February 26th, 2014 (Fine Art)

by Steven Townshend

Copper Celtic Queen
Copper Celtic Queen

YESTERDAY

From the embankment at the end of our street we watched through the fence as the kids ran up the hard icy dunes that perched between the lake and the beach like enormous waves, frozen the moment before their crashing. We made our way to this place following the shadow shape of a black cat—one of a family of strays that stood upon the top of a wooden shelter some kind soul had constructed to protect them from the elements. He cleaned his back paw as we approached and then turned to look at us with eyes like week-old limes. This little warrior, survivor of the bitter subzero cold, he lives a life of action, I thought, prowling through the alleys and along the beaches, catching and scavenging his own food, mating with the other strays that come his way, his life a desperate luxurious struggle of sex and death.
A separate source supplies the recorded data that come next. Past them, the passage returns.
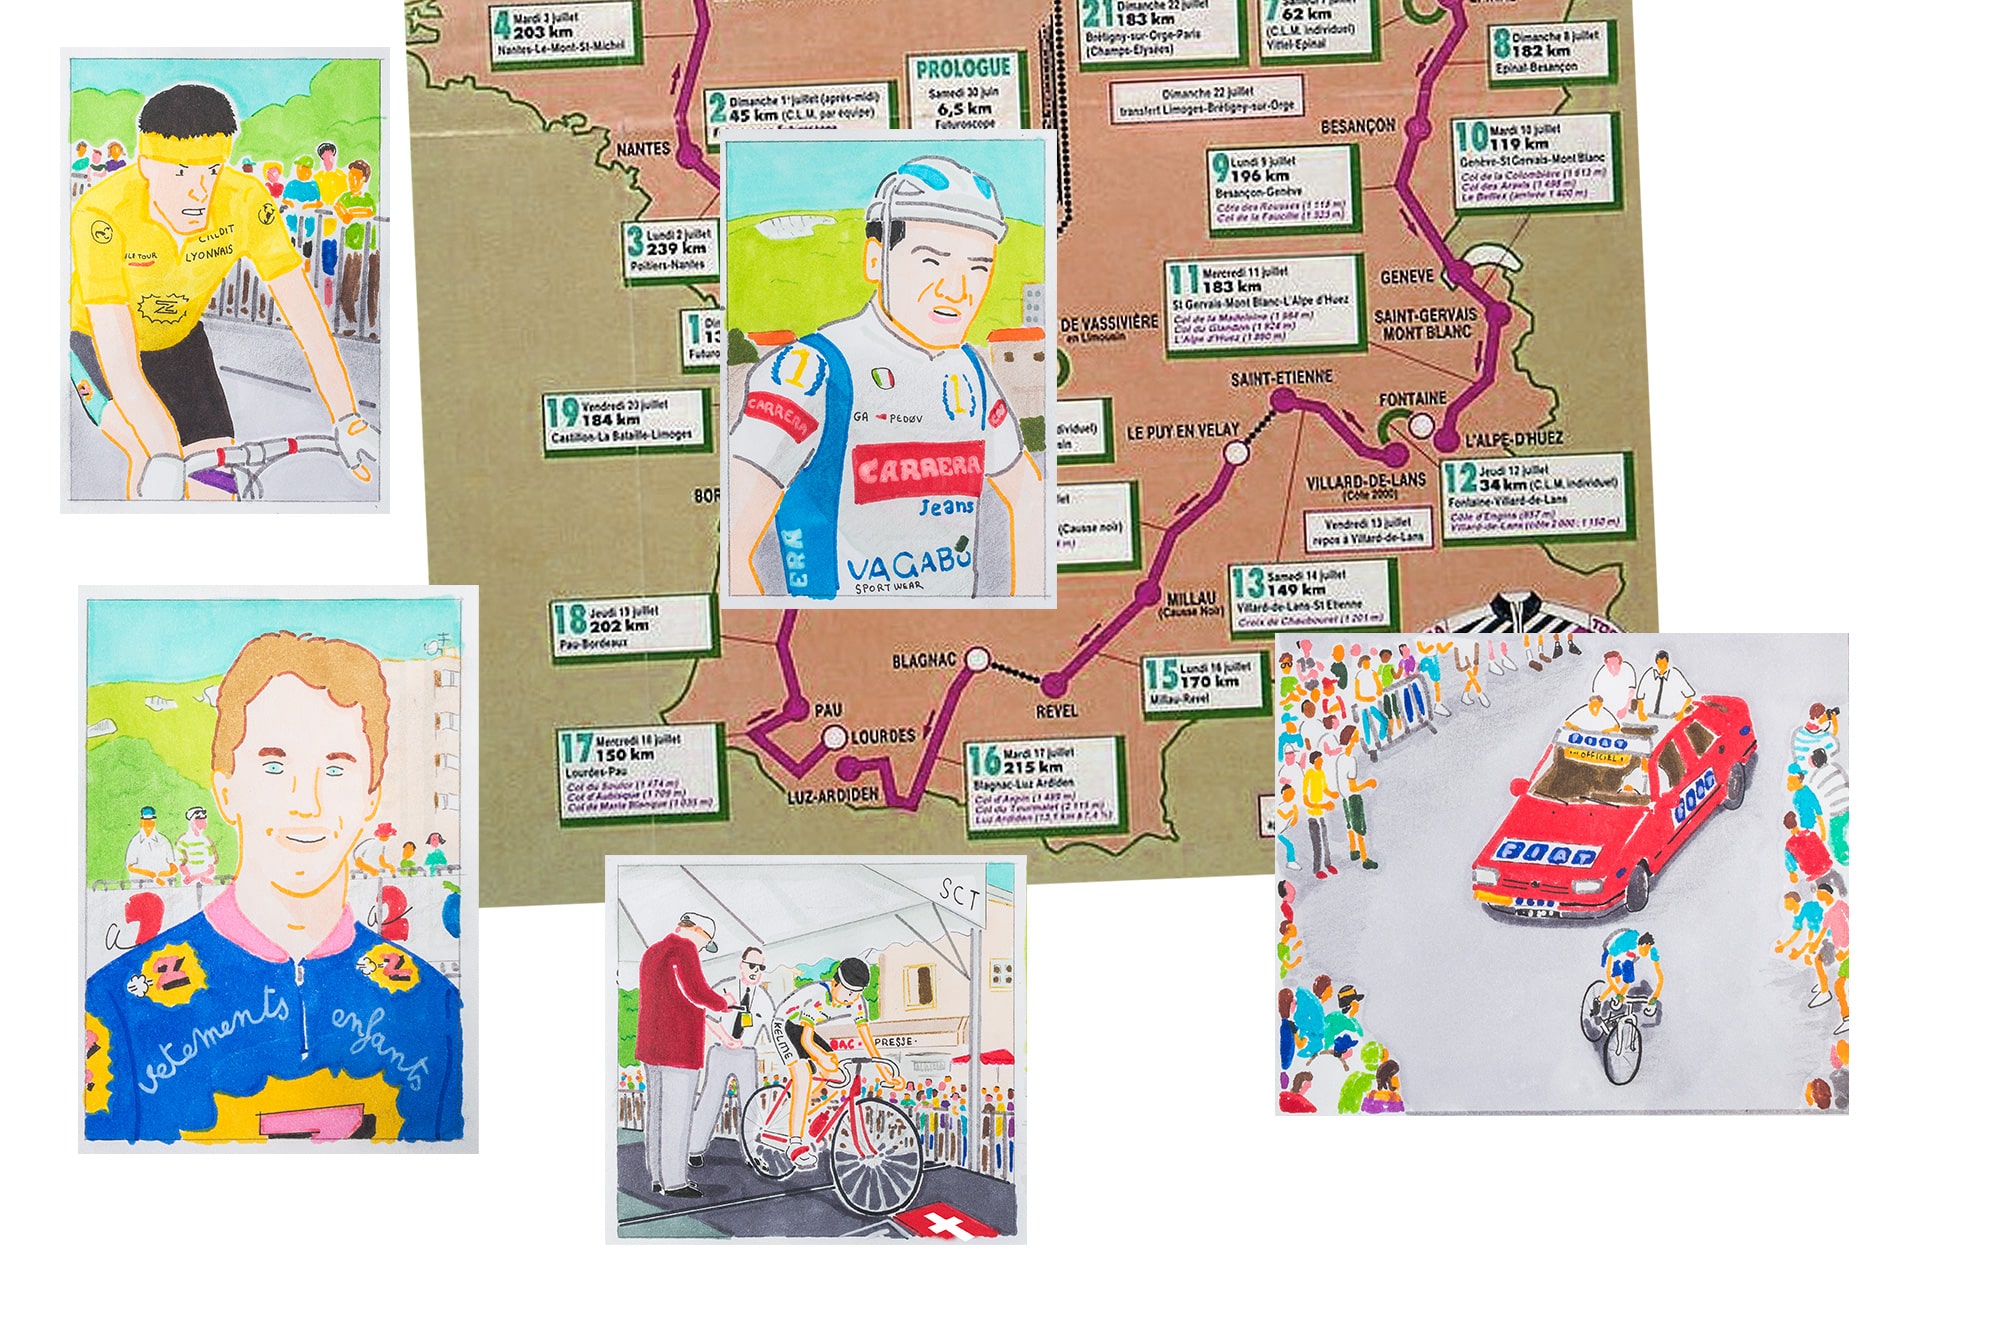 Archives documentaires Tour de France du 12/07/90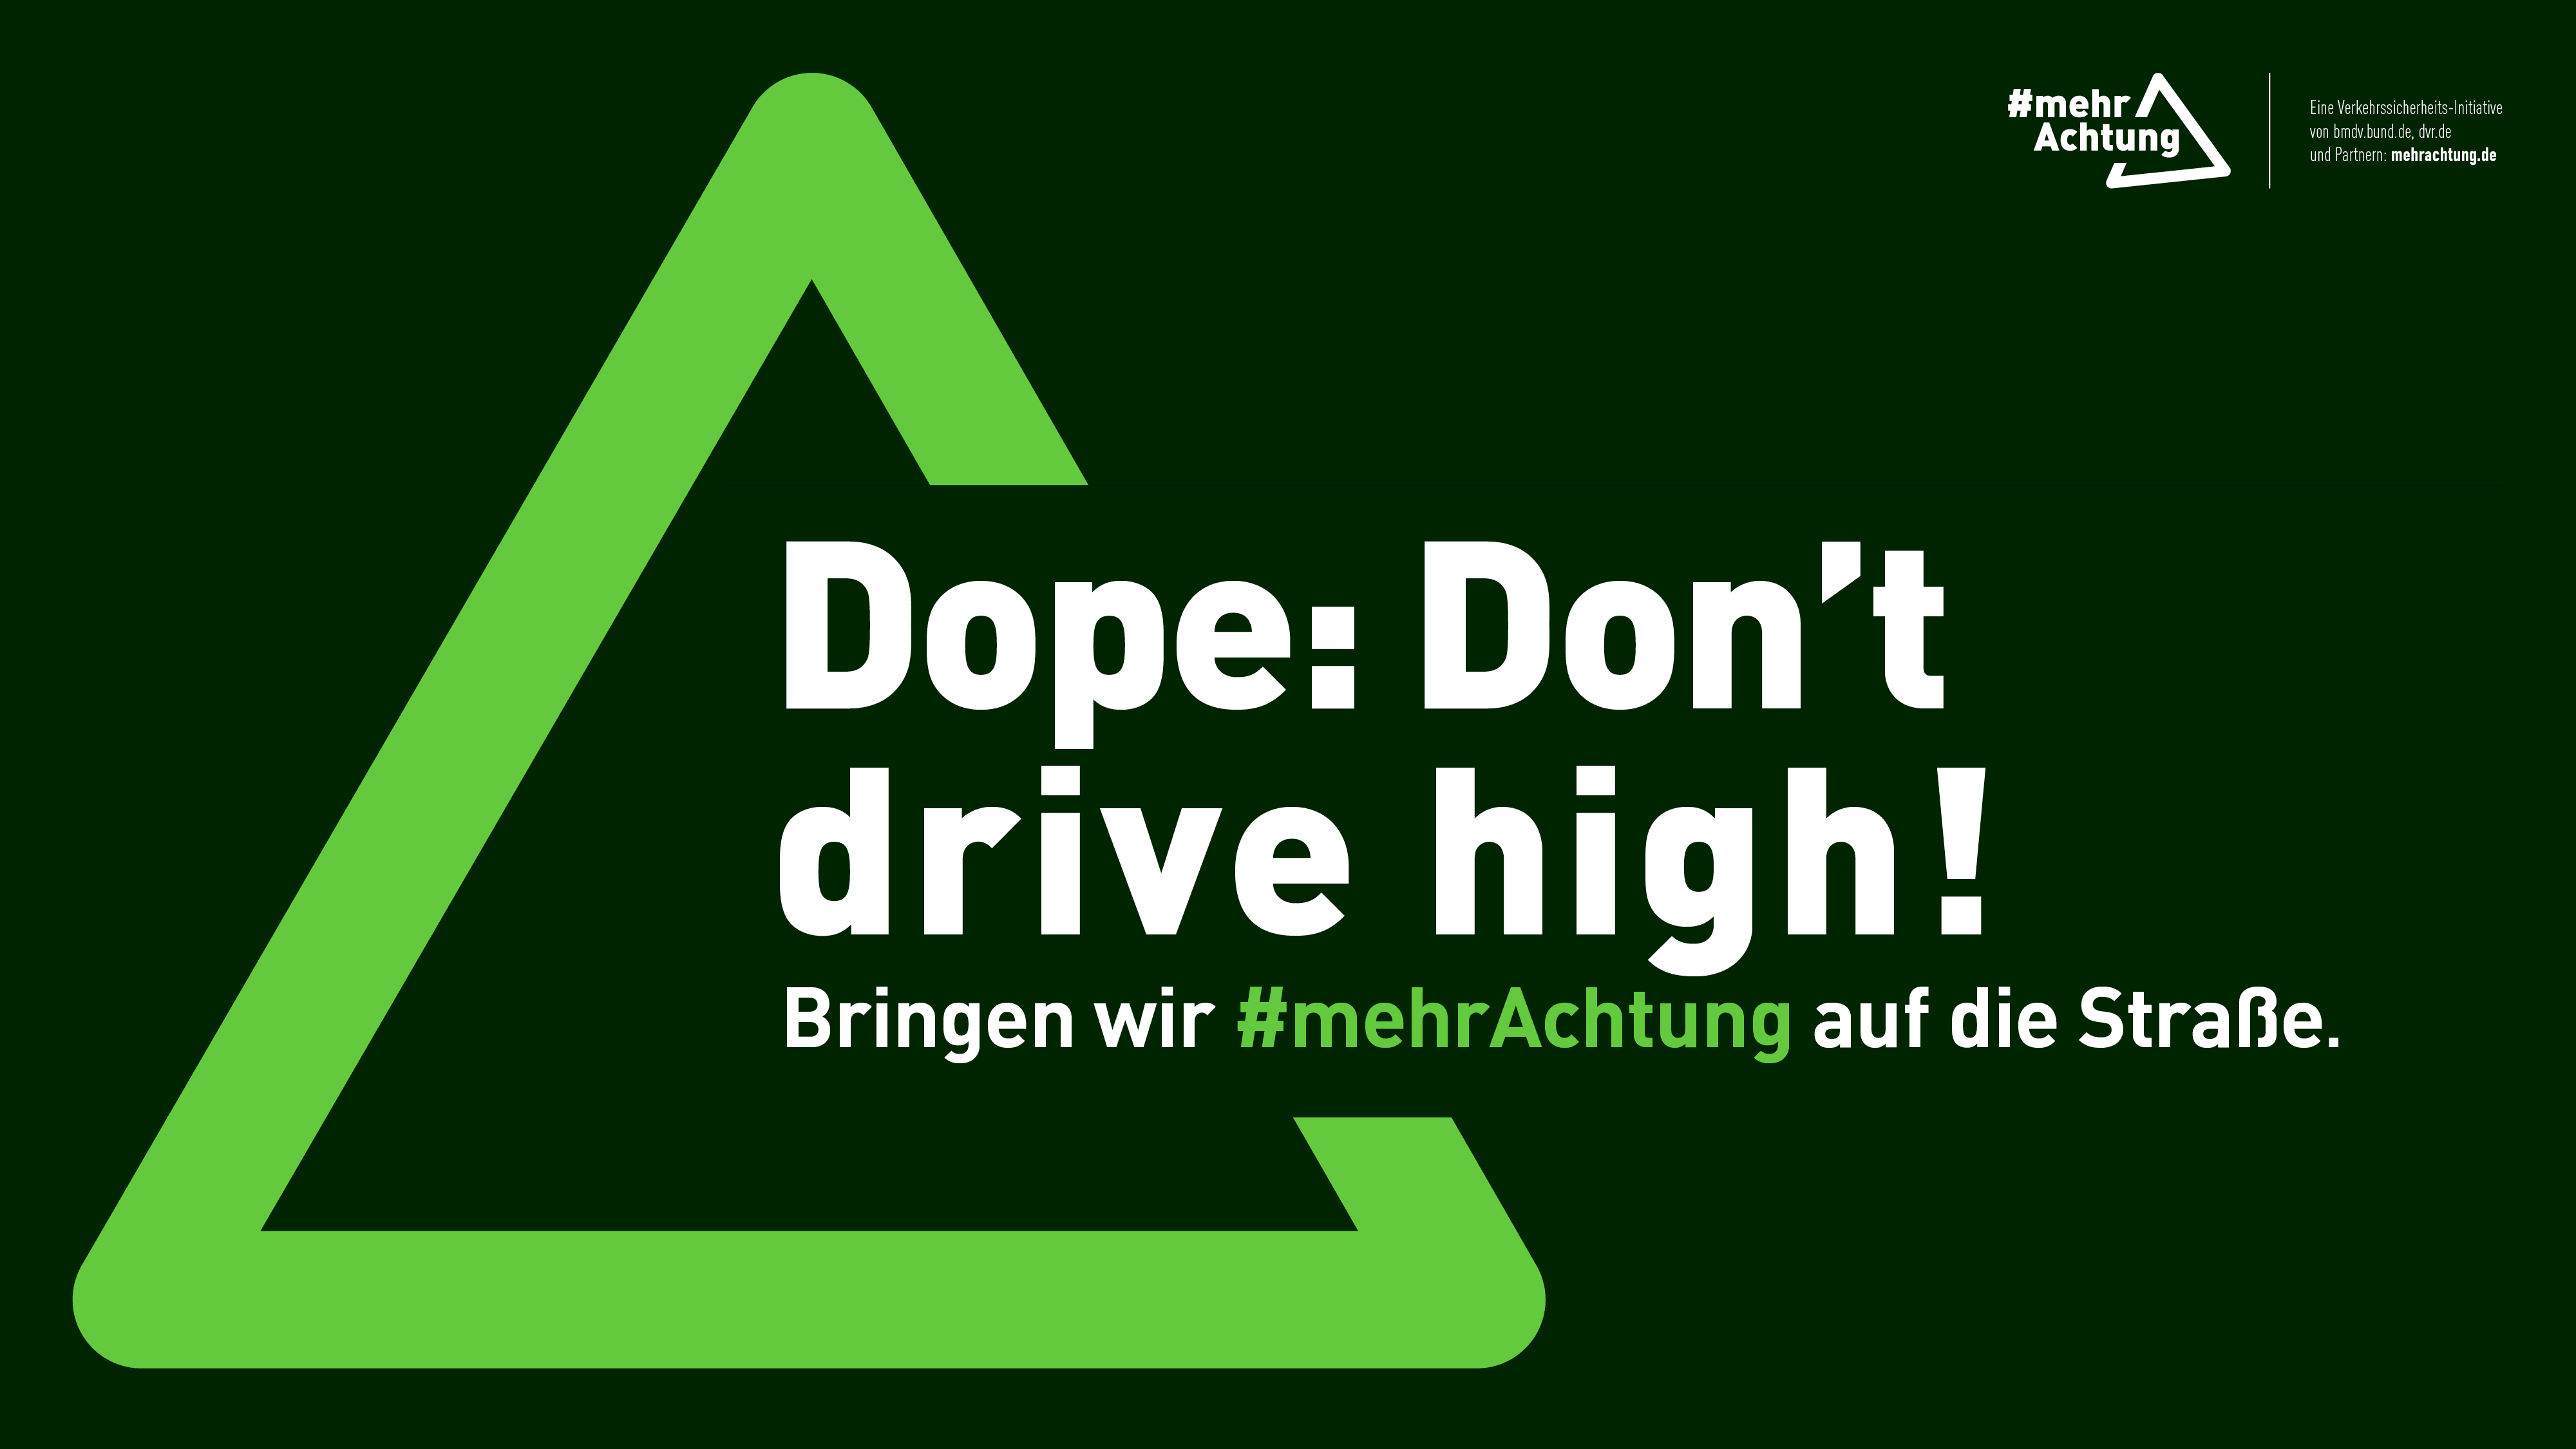 Ein Plakat zeigt die Aufschrift: Dope: Don't drive high! Bringen wir mehr Achtung auf die Straße.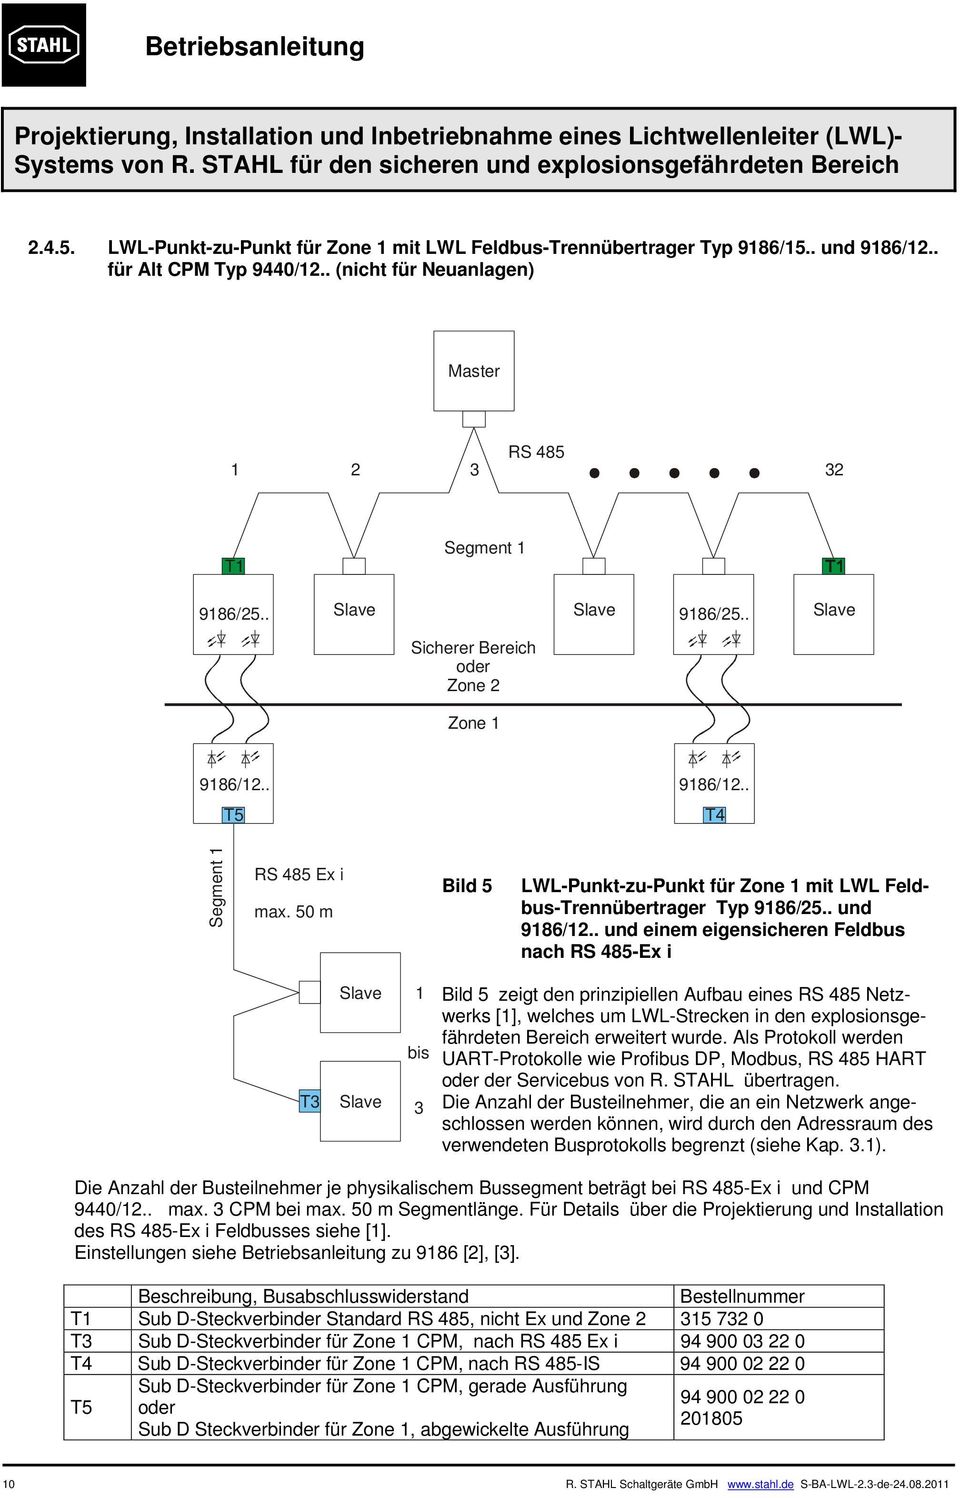 . und und einem eigensicheren Feldbus nach RS 485-Ex i T3 1 bis 3 Bild 5 zeigt den prinzipiellen Aufbau eines RS 485 Netzwerks [1], welches um LWL-Strecken in den explosionsgefährdeten Bereich

How long it will be before the coyote comes, or the lean months scrape the inside of his stomach like the edge of a knife, or the van comes to collect him and sting him with the end of the needle of endless sleep, who can say. He is not a creature of the future, will never be known or forgotten or remembered except by me, this creature of the present, of the now–that in the mild chill of a Saturday in February, sits like a king before a lakeside vista of ultramarine and white, the tawny grass shivering in the wind around him.

TODAY

I dreamed last night that the board game Village existed as an iOS app, and that all the world participated in tournaments when they played, whether they liked it or not. Unwittingly, I ended up in one of the top 2 positions, and had somehow won all the other games in the tournament as well. At the end I was paired against my friend Eric Simon, and it was my turn to make a move—but life and work and other distractions kept me from returning to the game for a few hours, half a day perhaps, while the whole world waited to see who the next champion might be–where it was the topic of forums and news, though I was strangely remote from all of this and unaware of it. Later on I found the time to return to the game only to discover that it, and the tournament, were over; I hadn’t played fast enough, it seemed, and in a tiff, the judges had called the match. I checked the app and checked again to get some verification, but I could learn nothing. It ought to have bothered me more, this great loss, but I took it in stride as much as I was able, and went on with the way that things were. In the scheme of things, disappointing the world over a game wasn’t so important. Not in comparison with all the other things that remain undone, the art uncomposed, the stories unwritten.

TOMORROW

Creatively, these past 2 months have felt a little like staggering through a dark cave wondering which way leads to daylight and fresh air. I know the surface world exists and that it’s populated by lots of people who see clearly in the day and breathe deeply, and think little of the subterranean world beneath their feet. I used to live there. Down below, drafts sometimes whisper through the caverns, and rumblings from the world above; I keep tunneling, in hopes I’m getting closer to freedom.

WATCHING

This week it’s been theatre and more theatre. Saw an excellent new play, Miss Marx, at Strawdog Theatre Company, and saw A Tale of Two Cities at Lifeline. This week I’ll head over to see another new one, Rites and Sacrifices, at Idle Muse. Chicago is the best theatre city I’ve ever heard of–the art is prolific, it’s (relatively) inexpensive to produce in comparison with bigger cities, and so much of it is experimental. Theatre artists can afford to take risks here, and those that enjoy taking risks stick around and continue to refine their art. The people that stay here are committed to their work; they’re not here waiting to “be discovered.” They know this isn’t the right place for that. Many leave and find larger success elsewhere. The ones that stay live their lives creating incredible art. I’m proud to live here.

STRANGER THAN FICTION

Yesterday my niece phoned to tell me that author Richard Peck selected her poem to read in front of the whole elementary school. She was chosen for the young author’s conference (and he confided to my sister that it was his favorite of the poems he read). I’m very proud of her.

When I was her age I had a similar experience at a young author’s conference with Gerda Weissmann Klein. Ms. Klein didn’t rave about my story, but my teachers did, and that encouragement and validation became the foundation upon which I learned to love writing. The story I wrote was called Steviana Lones’s Space Adventure, and you can pretty well see it for the Star Wars-Indy mashup that it was. I never understood why my teachers loved it; I knew when I wrote it that none of it was original. I’d obviously ripped off Han Solo and Indiana Jones, cast myself in the role, and my friend John Evans as my sidekick and companion. I stole heavily from everything else that inspired me in 1984–the Galaxian video game, Dungeons & Dragons, and television shows.

Then again… I’ve since learned that nothing I’ve ever written is original, whether or not I believe it to be, and most of my favorite works of art are simply older works rehashed. I knew more back when I knew nothing.